To compute $\phi_\text{reac}$ at the atoms locations, we use `operators.potential` to then multiply by the charge and add to compute $\Delta G_\text{solv}$. The `332.064` term is just a unit conversion constant.

In [7]:
slp_q = bempp.api.operators.potential.laplace.single_layer(neumann_space, x_q.transpose())
dlp_q = bempp.api.operators.potential.laplace.double_layer(dirichl_space, x_q.transpose())
phi_q = slp_q*solution_neumann - dlp_q*solution_dirichl

# total dissolution energy applying constant to get units [kcal/mol]
total_energy = 2*np.pi*332.064*np.sum(q*phi_q).real
print("Total solvation energy: {:7.2f} [kcal/Mol]".format(total_energy))

Total solvation energy: -352.67 [kcal/Mol]


## References
[1] Yoon, B. J., & Lenhoff, A. M. (1990). A boundary element method for molecular electrostatics with electrolyte effects. *Journal of Computational Chemistry*, 11(9), 1080-1086.

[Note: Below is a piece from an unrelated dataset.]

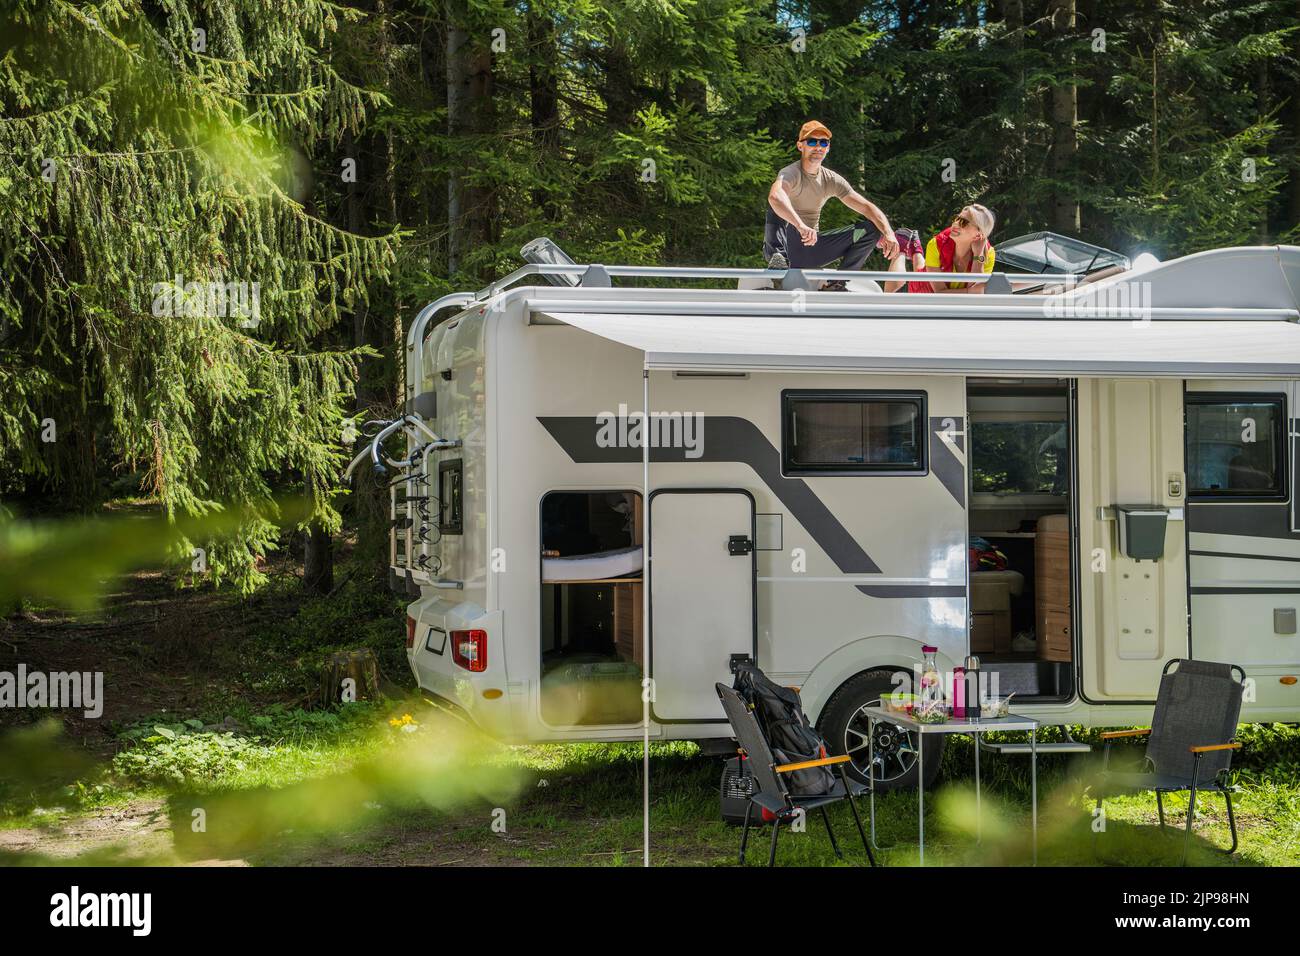 Family of Two, Husband and Wife, Resting on the Roof of Their White Camper Van Parked in the Middle of Scenic Green Forest Enjoying the Moment During Stock Photo

[2] Dolinsky, T. J., Nielsen, J. E., McCammon, J. A., & Baker, N. A. (2004). PDB2PQR: an automated pipeline for the setup of Poisson–Boltzmann electrostatics calculations. *Nucleic acids research*, 32(suppl_2), W665-W667.

[3] Sanner, M. F., Olson, A. J., & Spehner, J. C. (1995, September). Fast and robust computation of molecular surfaces. In *Proceedings of the eleventh annual symposium on Computational geometry* (pp. 406-407). ACM.